+++ Dataset extract

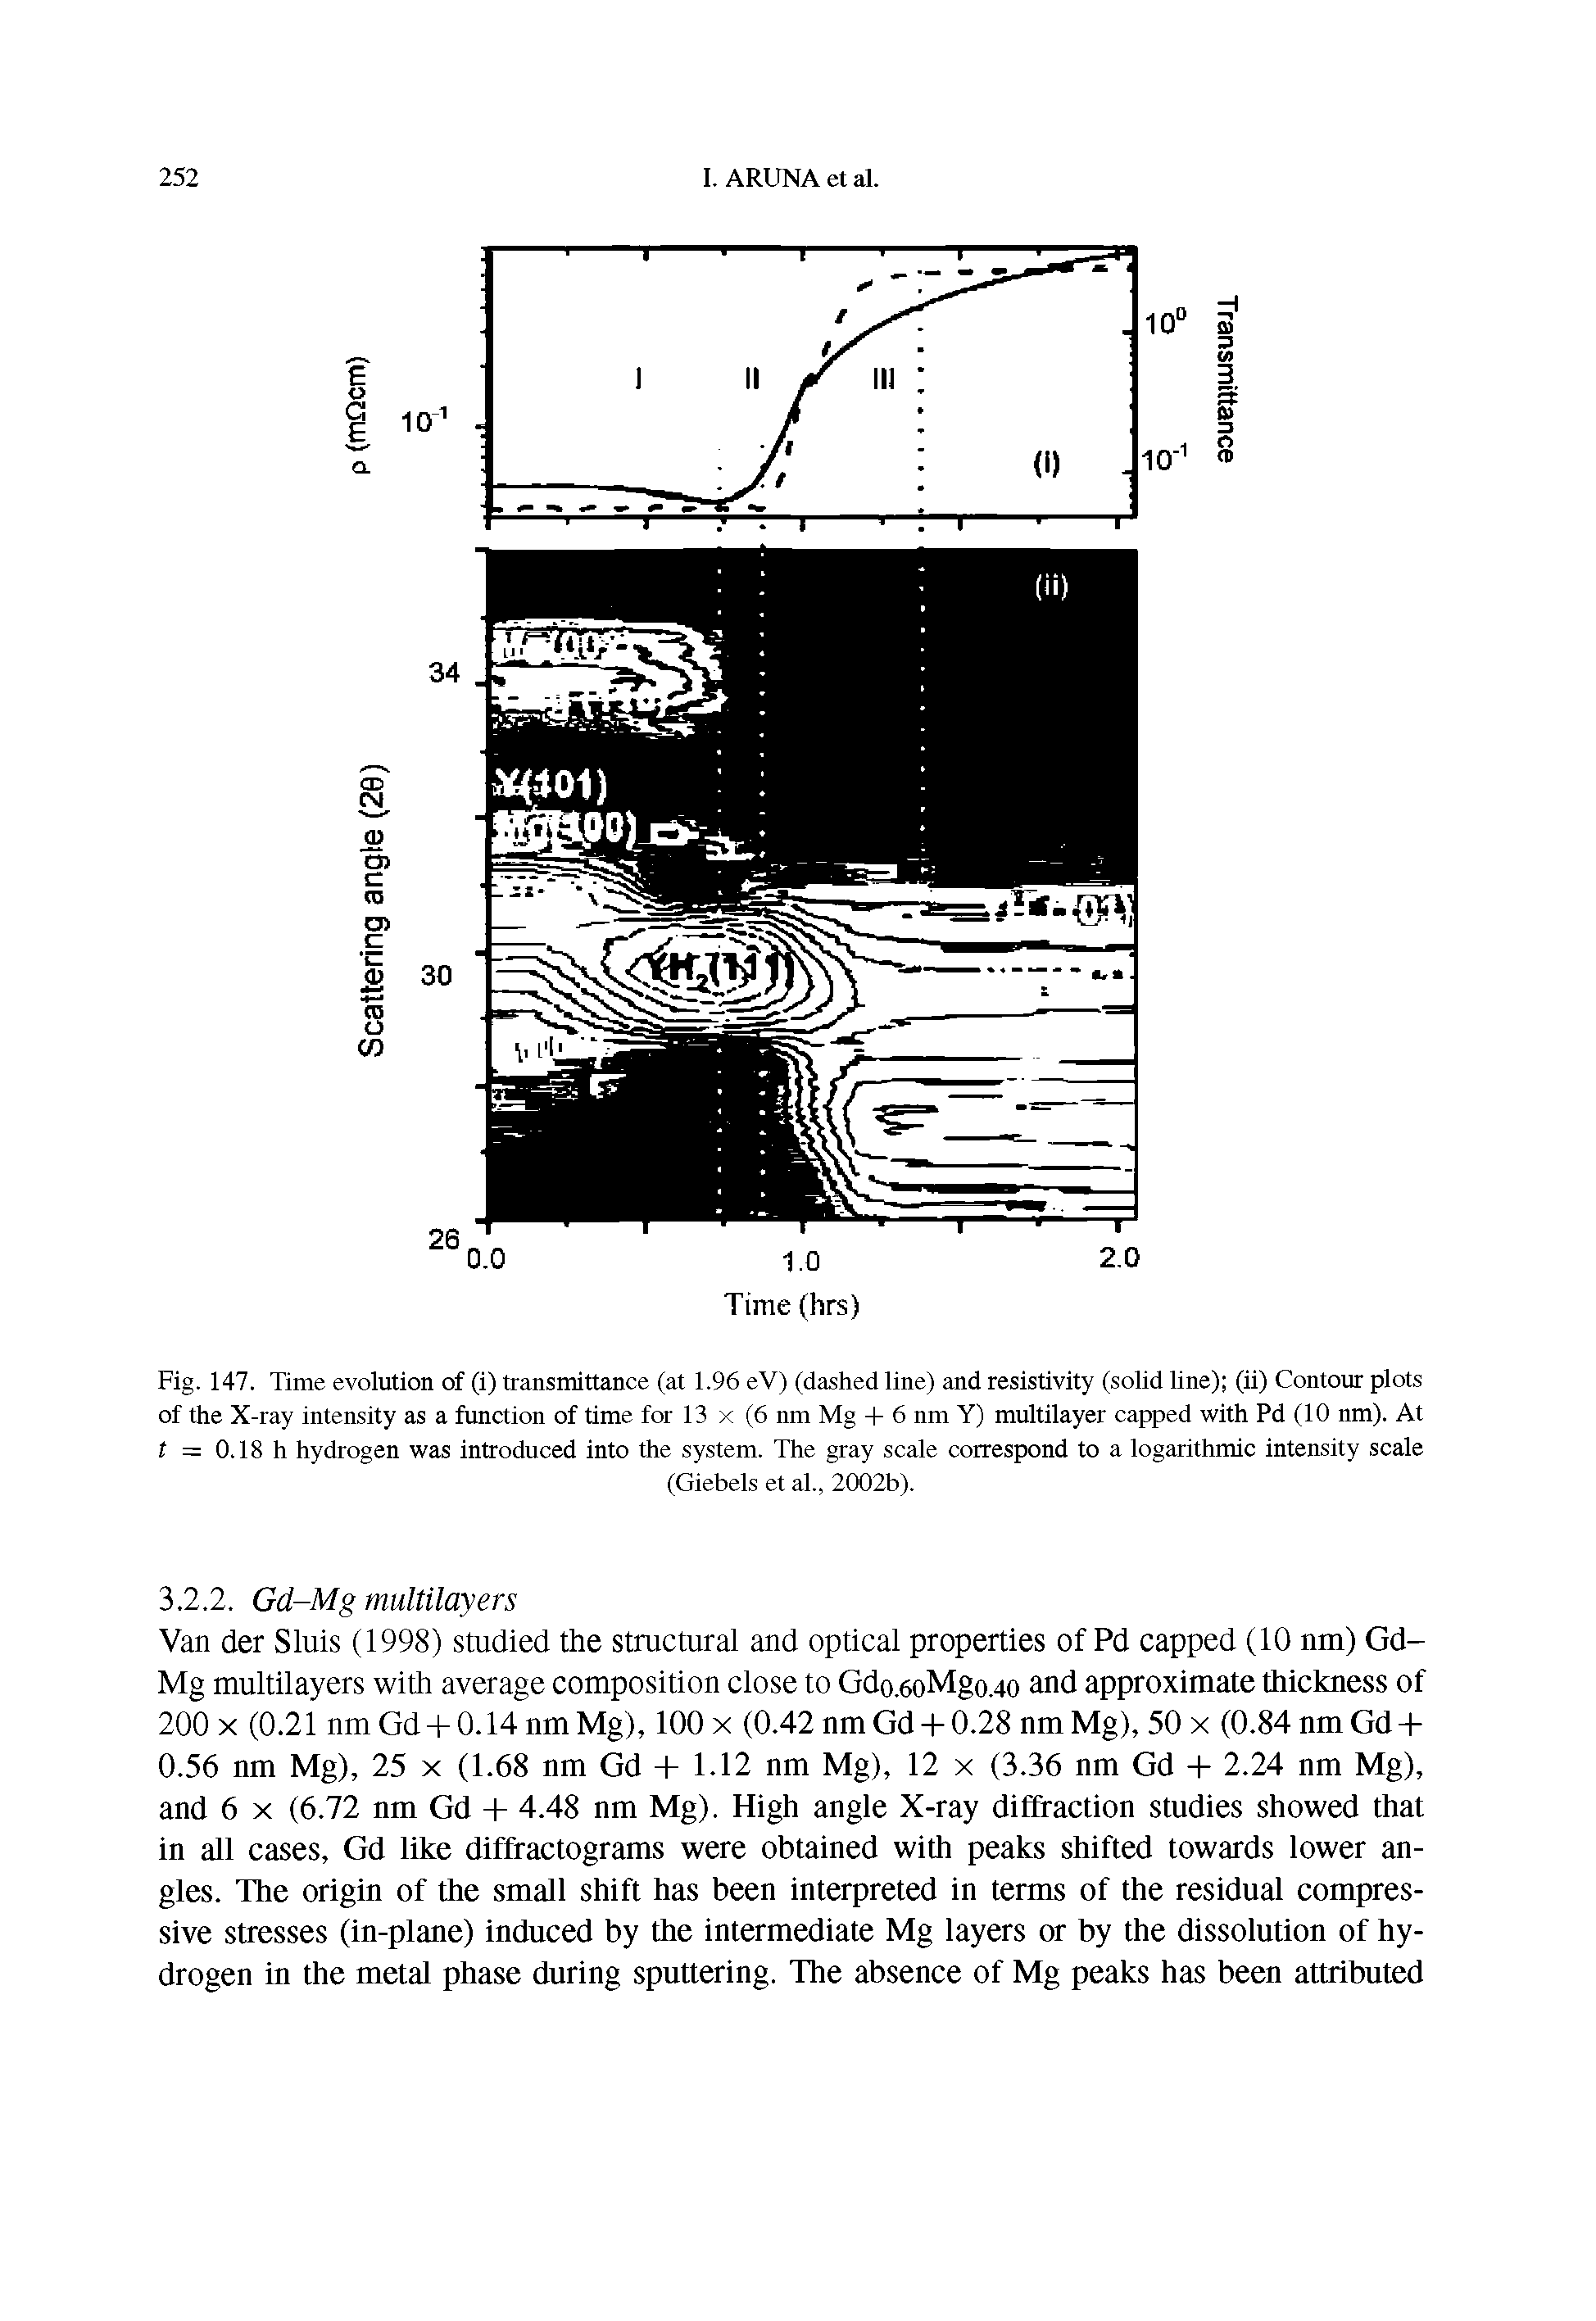 Fig. 147. Time evolution of (i) transmittance (at 1.96 eV) (dashed line) and resistivity (soUd Une) (ii) Contour plots of the X-ray intensity as a function of time for 13 x (6 nm Mg -I- 6 nm Y) multilayer capped with Pd (10 nm). At t = 0.18 h hydrogen was introduced into the system. The gray scale correspond to a logarithmic intensity scale...
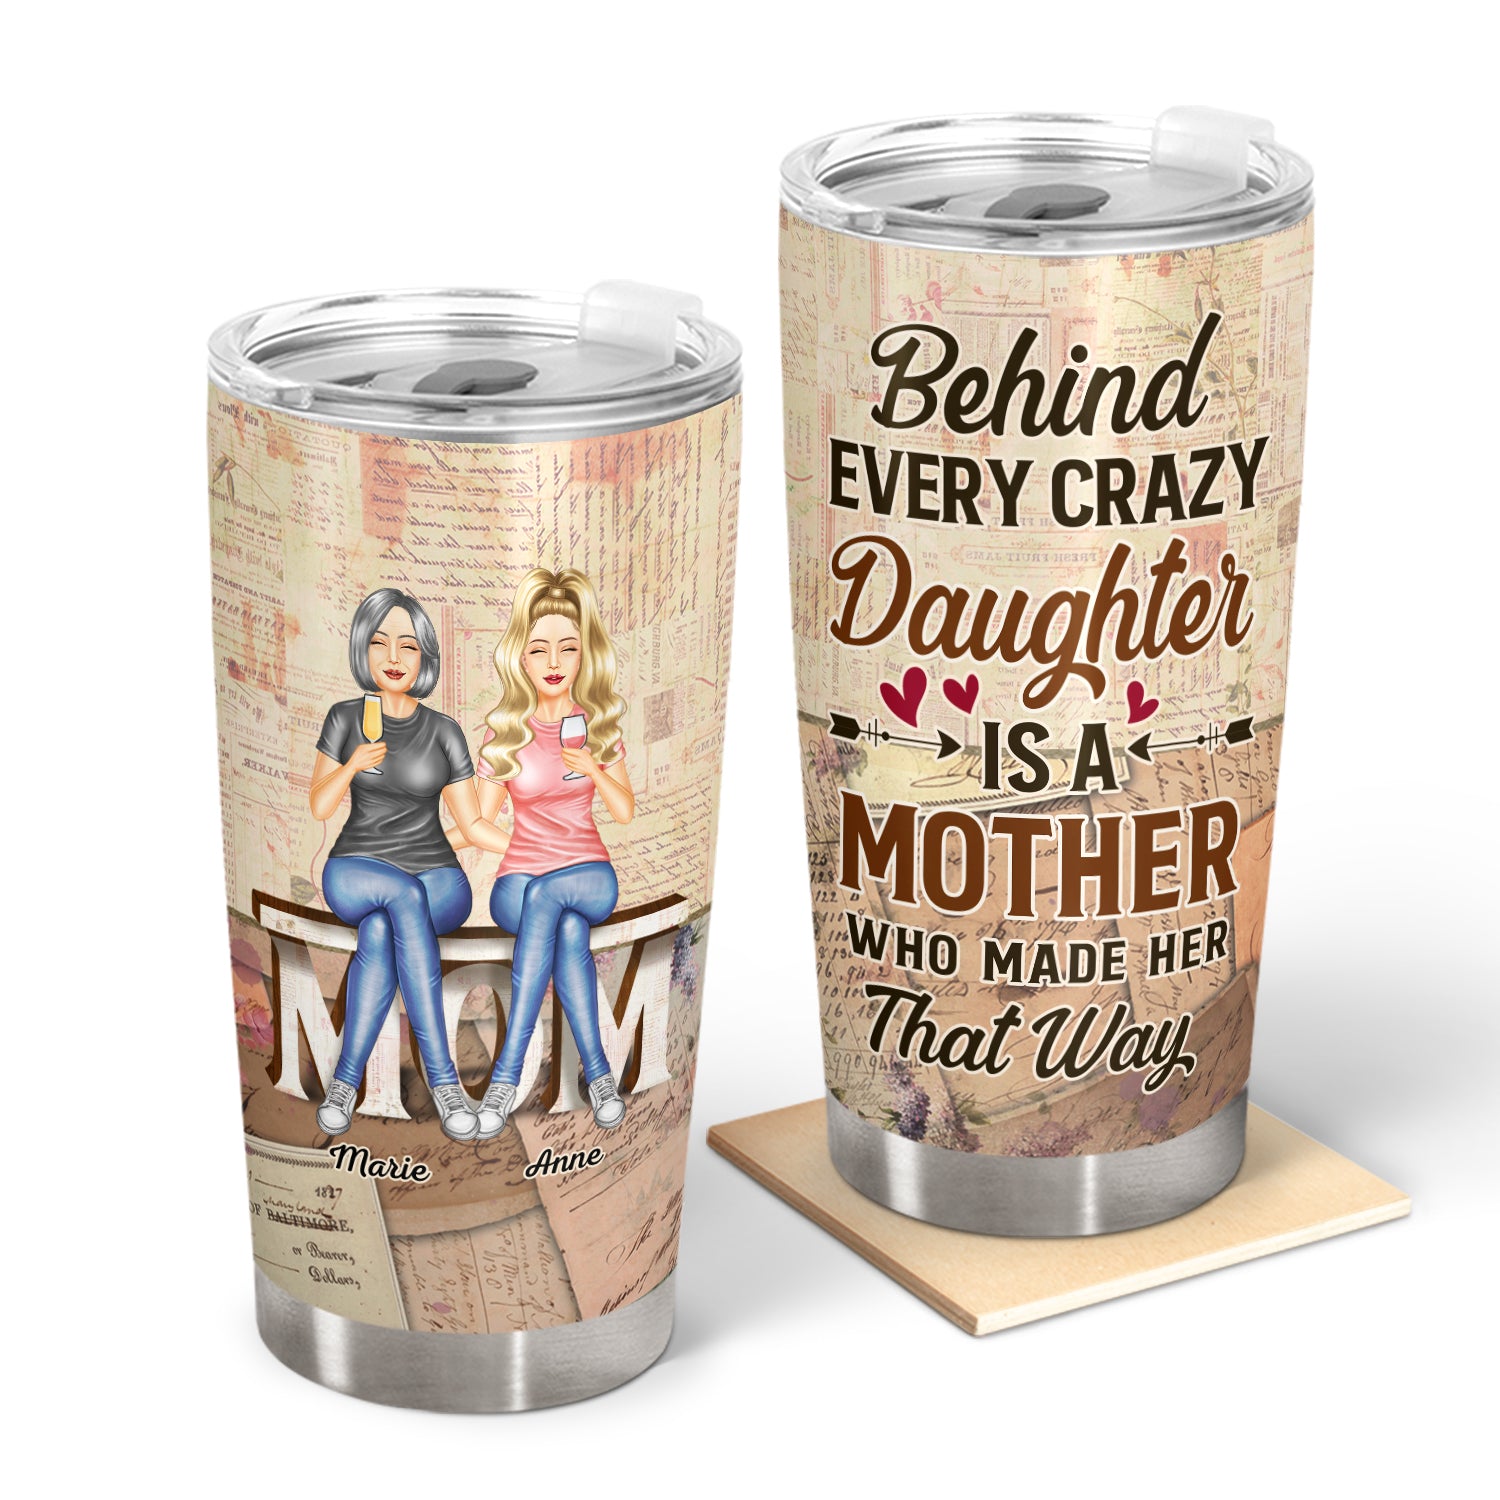 Behind Every Crazy Daughter Is A Mother - Birthday, Loving Gift For Mom, Grandma, Grandmother - Personalized Custom Tumbler
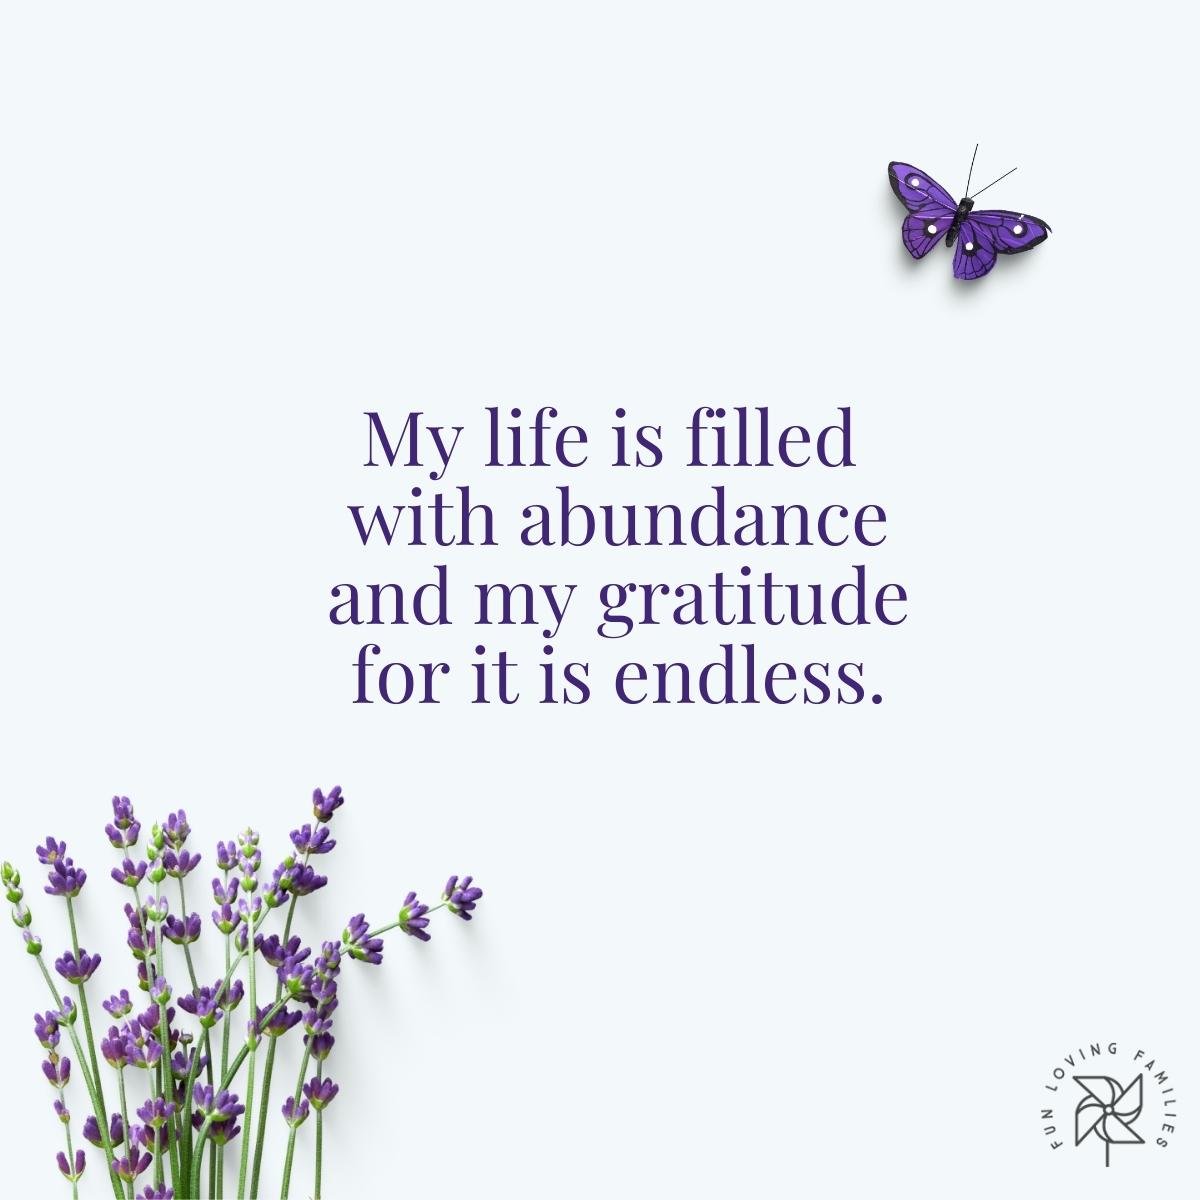 My life is filled with abundance and my gratitude for it is endless affirmation

++++++

**Work to be completed**. Restate word for word, and only, the lines from the line that contains "Behind Every Crazy" through the end of the data, both included; pictures are not part of the copy.

**Result of this task**.
 Behind Every Crazy Daughter Is A Mother - Birthday, Loving Gift For Mom, Grandma, Grandmother - Personalized Custom Tumbler
 My life is filled with abundance and my gratitude for it is endless affirmation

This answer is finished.